In 2010, I received a final notice from VVM Attorneys for rates not paid on an account number that I had never seen before. At the same time, I received an account with a credit balance of the same amount.
Obviously, the simple thing to do would be to transfer the one credit balance to the debit balance and start from there. Apparently not. I have spent more than two years trying to get my money back.
I have spent many unpleasant days – about five to six hours on each day – in Braamfontein trying to resolve the matter. You arrive and are given a reference number, then sit and wait with many other frustrated customers while the employees chat, have numerous tea and lunch breaks and check their e-mails. When you reach the counter, the consultant is either incapable or unwilling to help. In my case, I had at least six visits before they identified that all documents were in place and a refund had been approved. Each time they find some document is missing that is holding things up, but once it has been received, another document is necessary. My refund has been approved at last, but where is it?
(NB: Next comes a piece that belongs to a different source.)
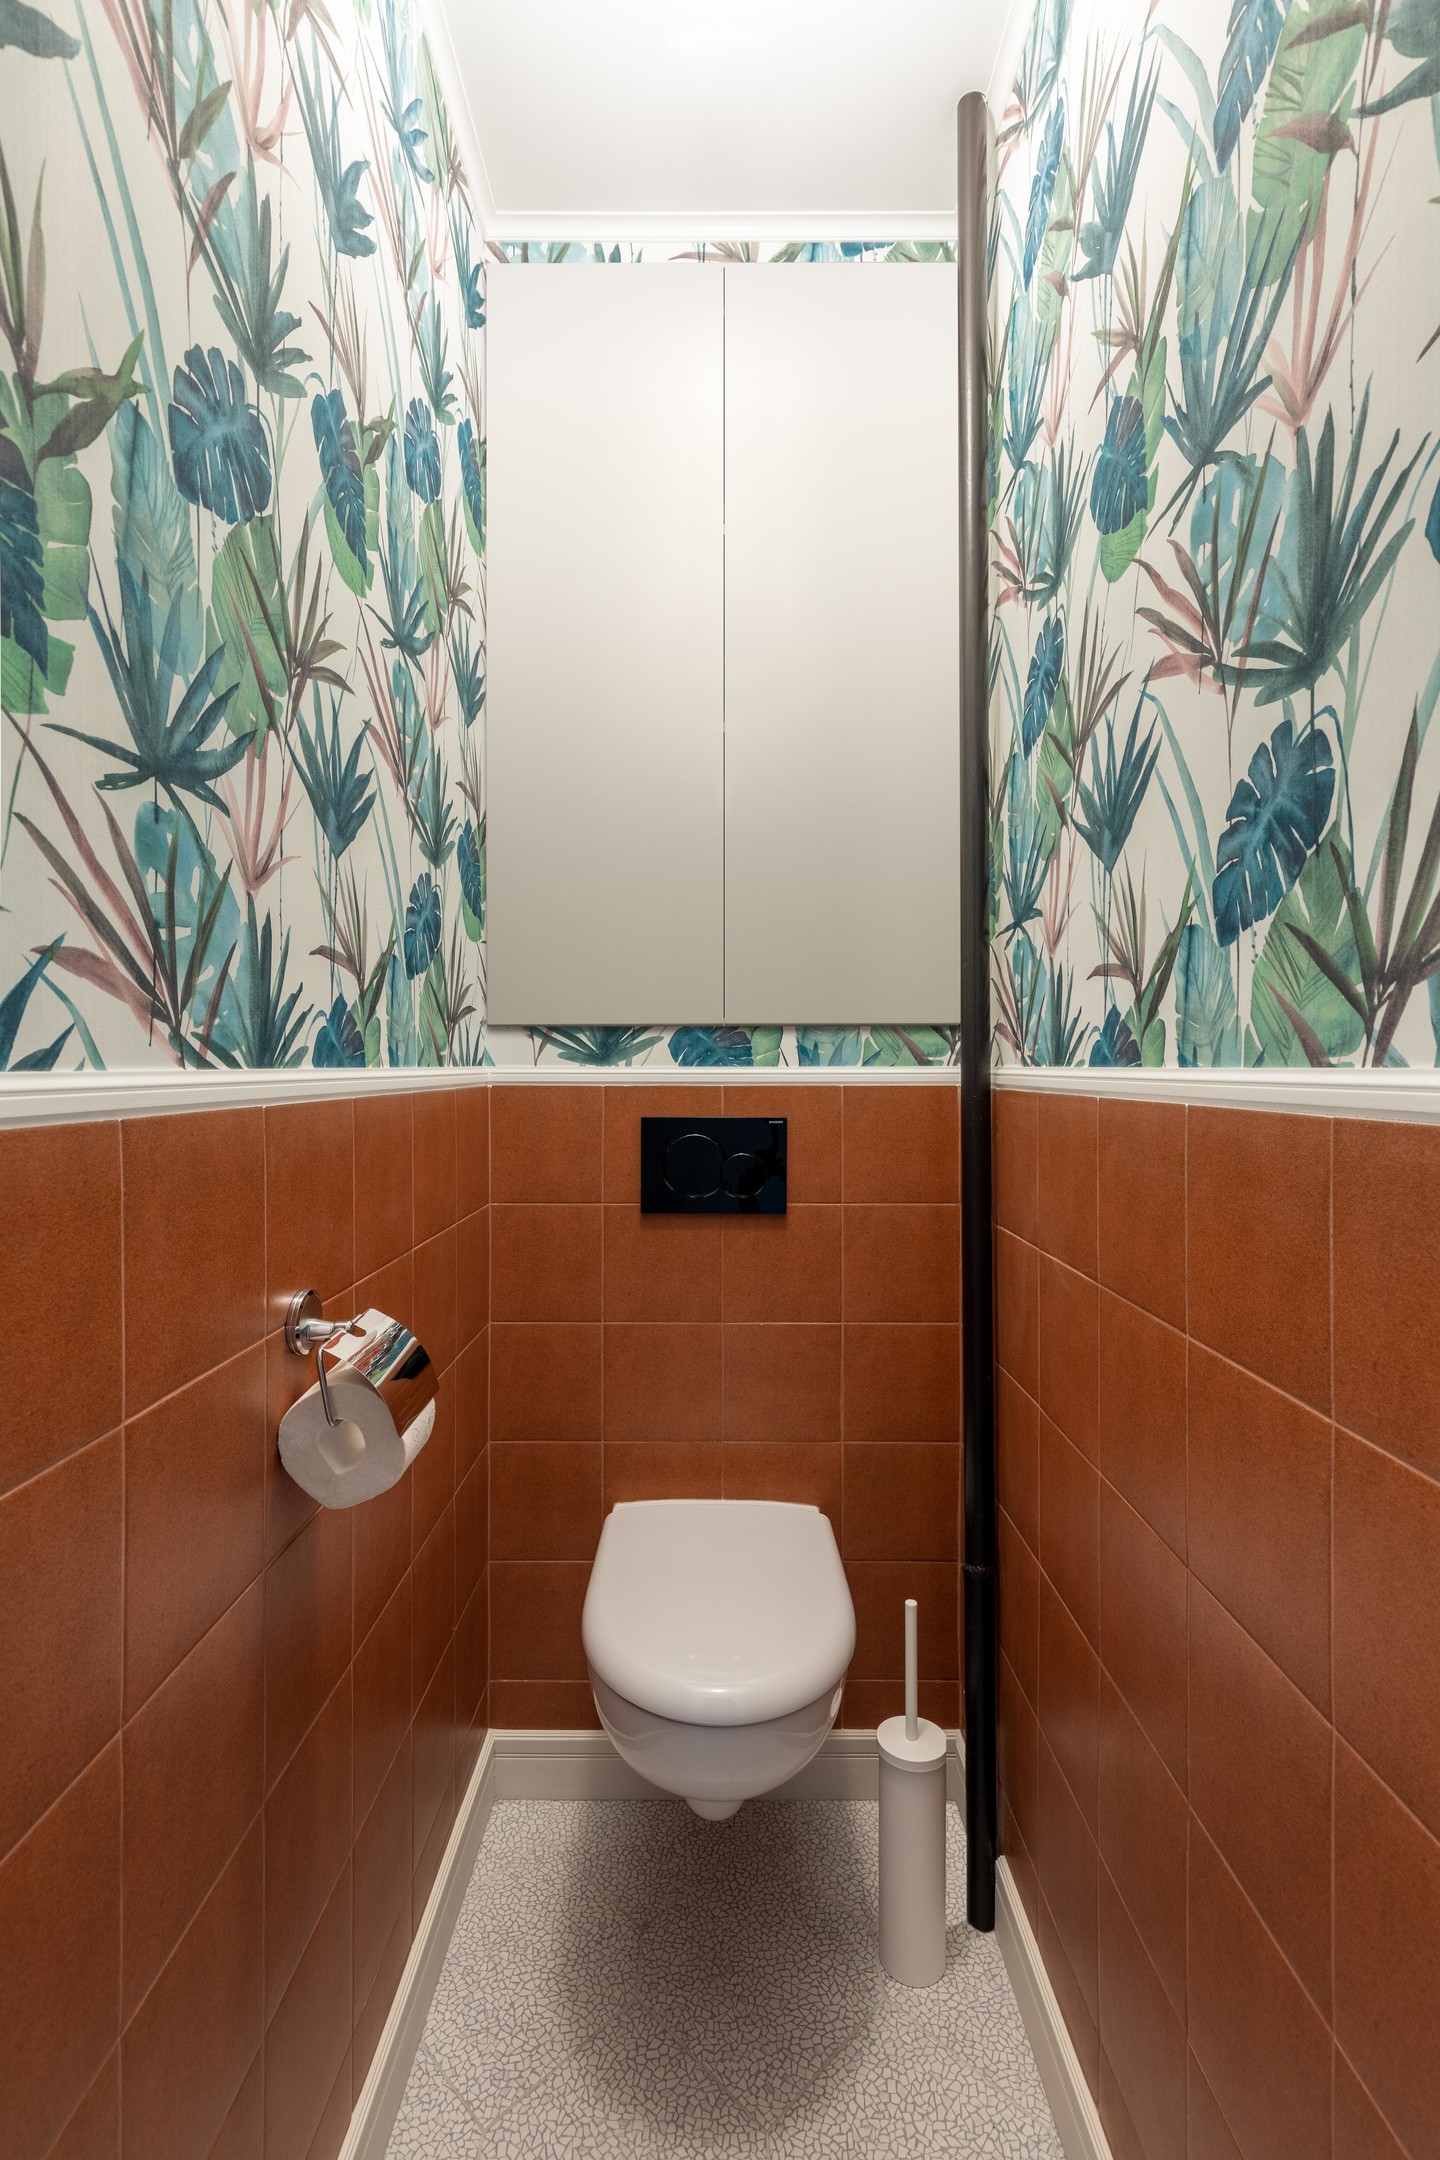 Giấy dán tường tiếp tục phát huy vẻ đẹp trong nhà vệ sinh, với phân nửa bức tường ốp gạch màu đất nung, nửa còn lại là họa tiết tropical sống động. Bồn cầu gắn tường cũng giúp tiết kiệm diện tích và vệ sinh dễ dàng hơn.

While I was in the queue waiting to find out where my money is, another gentleman in front of me had the same problem. In this day where money is tight and wasting time a luxury, why can’t the council have a checklist of documents that you need before you get to see an incompetent employee? I realise we have to have sheltered employment, but surely someone must be able to draw up a checklist to make the walk-in centre more organised?
Perhaps you can get one of the employees to respond, because in the time that I’ve spent there, I have noticed that the complaints are easily categorised. It’s not a case of people having unique problems.
Opperman writes again: I have finally been paid. The transfer went through in 2007 and I was reimbursed one week ago. I was irritated to see another person about to go through the same process, but stopped him from the six-hour wait by telling him roughly what documents he would need. Why can’t the council do this, or is it a ploy? The council has earned interest on my money for five years.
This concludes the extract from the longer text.